I can't see how this is called from the nouveau code, only possibility I
see is that it is maybe called through the AGP code somehow.
Yes, you're right:
[ 13.192663] Call Trace:
[ 13.192678] dump_stack+0x54/0x68
[ 13.192690] ttm_tt_init+0x11/0x8a [ttm]
[ 13.192699] ttm_agp_tt_create+0x39/0x51 [ttm]
[ 13.192840] nouveau_ttm_tt_create+0x17/0x22 [nouveau]
[ 13.192856] ttm_tt_create+0x78/0x8c [ttm]
[ 13.192864] ttm_bo_handle_move_mem+0x7d/0xca [ttm]
[ 13.192873] ttm_bo_validate+0x92/0xc8 [ttm]
[ 13.192883] ttm_bo_init_reserved+0x216/0x243 [ttm]
[ 13.192892] ttm_bo_init+0x45/0x65 [ttm]
[ 13.193018] ? nouveau_bo_del_io_reserve_lru+0x48/0x48 [nouveau]
[ 13.193150] nouveau_bo_init+0x8c/0x94 [nouveau]
[ 13.193273] ? nouveau_bo_del_io_reserve_lru+0x48/0x48 [nouveau]
[ 13.193407] nouveau_bo_new+0x44/0x57 [nouveau]
[ 13.193537] nouveau_channel_prep+0xa3/0x269 [nouveau]
[ 13.193665] nouveau_channel_new+0x3c/0x5f7 [nouveau]
[ 13.193679] ? slab_free_freelist_hook+0x3b/0xa7
[ 13.193686] ? kfree+0x9e/0x11a
[ 13.193781] ? nvif_object_sclass_put+0xd/0x16 [nouveau]
[ 13.193908] nouveau_drm_device_init+0x2e2/0x646 [nouveau]
[ 13.193924] ? pci_enable_device_flags+0x1e/0xac
[ 13.194052] nouveau_drm_probe+0xeb/0x188 [nouveau]
[ 13.194182] ? nouveau_drm_device_init+0x646/0x646 [nouveau]
[ 13.194195] pci_device_probe+0x89/0xe9
[ 13.194205] really_probe+0x127/0x2a7
[ 13.194212] driver_probe_device+0x5b/0x87
[ 13.194219] device_driver_attach+0x2e/0x41
[ 13.194226] __driver_attach+0x7c/0x83
[ 13.194232] bus_for_each_dev+0x4c/0x66
[ 13.194238] driver_attach+0x14/0x16
[ 13.194244] ? device_driver_attach+0x41/0x41
[ 13.194251] bus_add_driver+0xc5/0x16c
[ 13.194258] driver_register+0x87/0xb9
[ 13.194265] __pci_register_driver+0x38/0x3b
[ 13.194271] ? 0xf0c0d000
[ 13.194362] nouveau_drm_init+0x14c/0x1000 [nouveau]

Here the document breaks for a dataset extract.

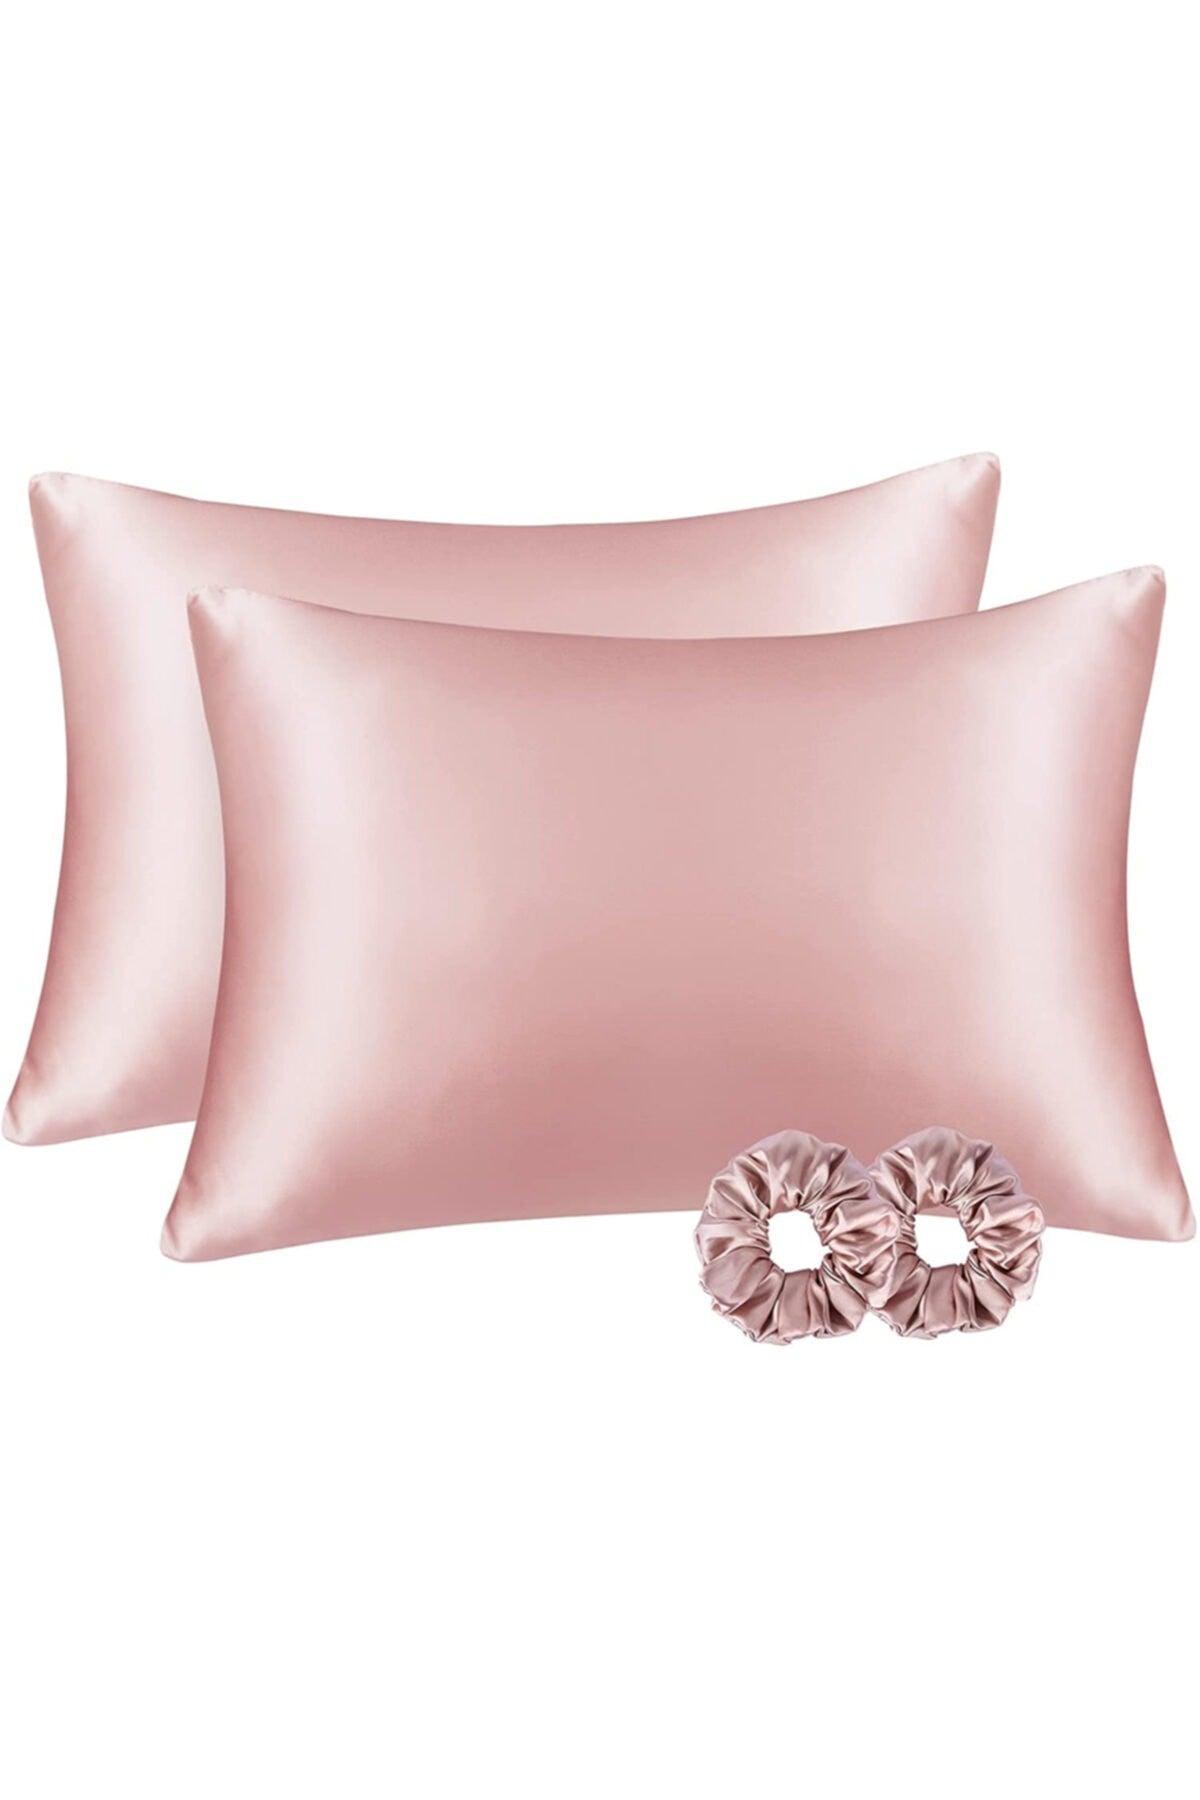 100% Silk Satin 50x70 Cm 2 Pillow Cases & 2 Buckles Pink Color - Swordslife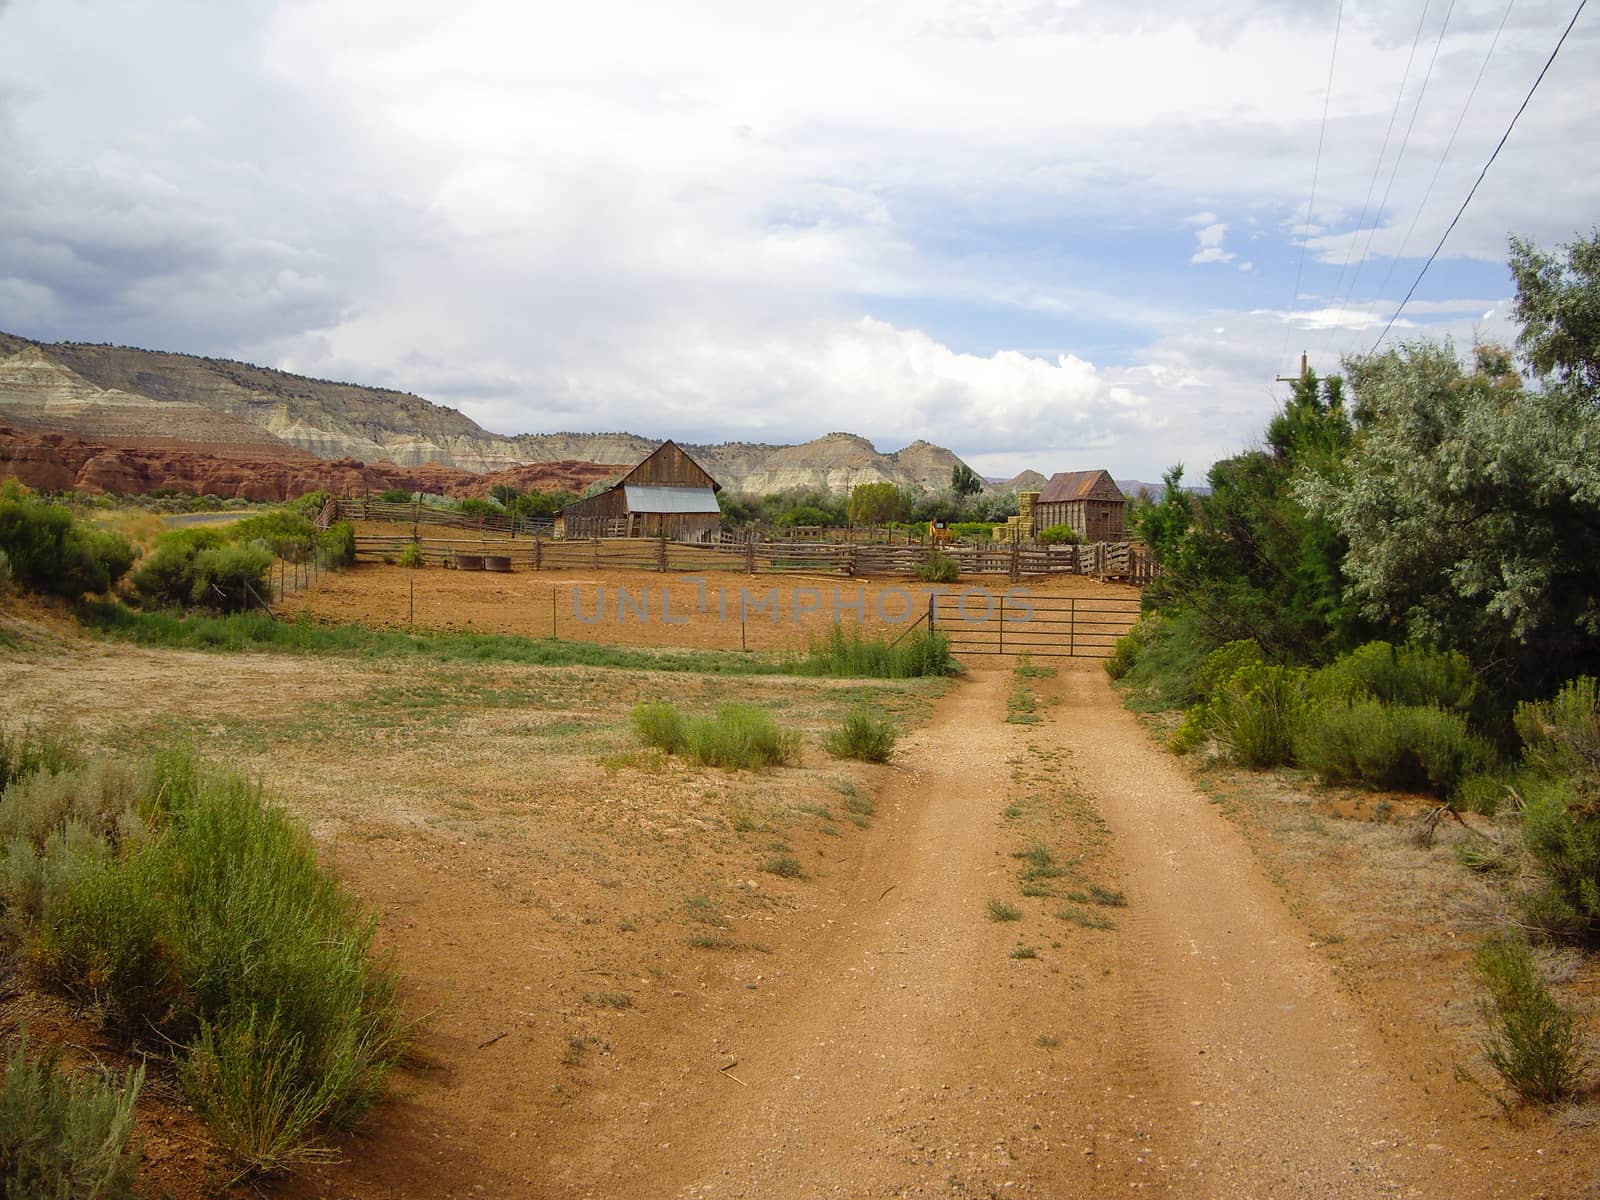 Ranch in rural Utah by emattil

How is ttm_dma_tt->dma_address allocated?

Mhm, I need to double check how AGP is supposed to work.

Since barely anybody is using it these days it is something which breaks from time to time.

Thanks for the backtrace,
Christian.

I cannot find any assignment
executed (in the working code):

$ git grep dma_address\ = drivers/gpu/
drivers/gpu/drm/amd/amdgpu/amdgpu_amdkfd_gpuvm.c: sg->sgl->dma_address = addr;
drivers/gpu/drm/amd/amdgpu/amdgpu_ttm.c: dma_address = &dma->dma_address[offset >> PAGE_SHIFT];
drivers/gpu/drm/amd/amdgpu/amdgpu_ttm.c: dma_address = (mm_node->start << PAGE_SHIFT) + offset;
drivers/gpu/drm/i915/gvt/scheduler.c: sg->dma_address = addr;
drivers/gpu/drm/i915/i915_gpu_error.c: sg->dma_address = it;
drivers/gpu/drm/ttm/ttm_tt.c: ttm->dma_address = (void *) (ttm->ttm.pages + ttm->ttm.num_pages);
drivers/gpu/drm/ttm/ttm_tt.c: ttm->dma_address = kvmalloc_array(ttm->ttm.num_pages,
drivers/gpu/drm/ttm/ttm_tt.c: ttm_dma->dma_address = NULL;
drivers/gpu/drm/vmwgfx/vmwgfx_ttm_buffer.c: viter->dma_address = &__vmw_piter_phys_addr;
drivers/gpu/drm/vmwgfx/vmwgfx_ttm_buffer.c: viter->dma_address = &__vmw_piter_dma_addr;
drivers/gpu/drm/vmwgfx/vmwgfx_ttm_buffer.c: viter->dma_address = &__vmw_piter_sg_addr;

The 2 cases in ttm_tt.c are in ttm_dma_tt_alloc_page_directory() and
ttm_sg_tt_alloc_page_directory().
Confirmed by adding printk()s that they're NOT called.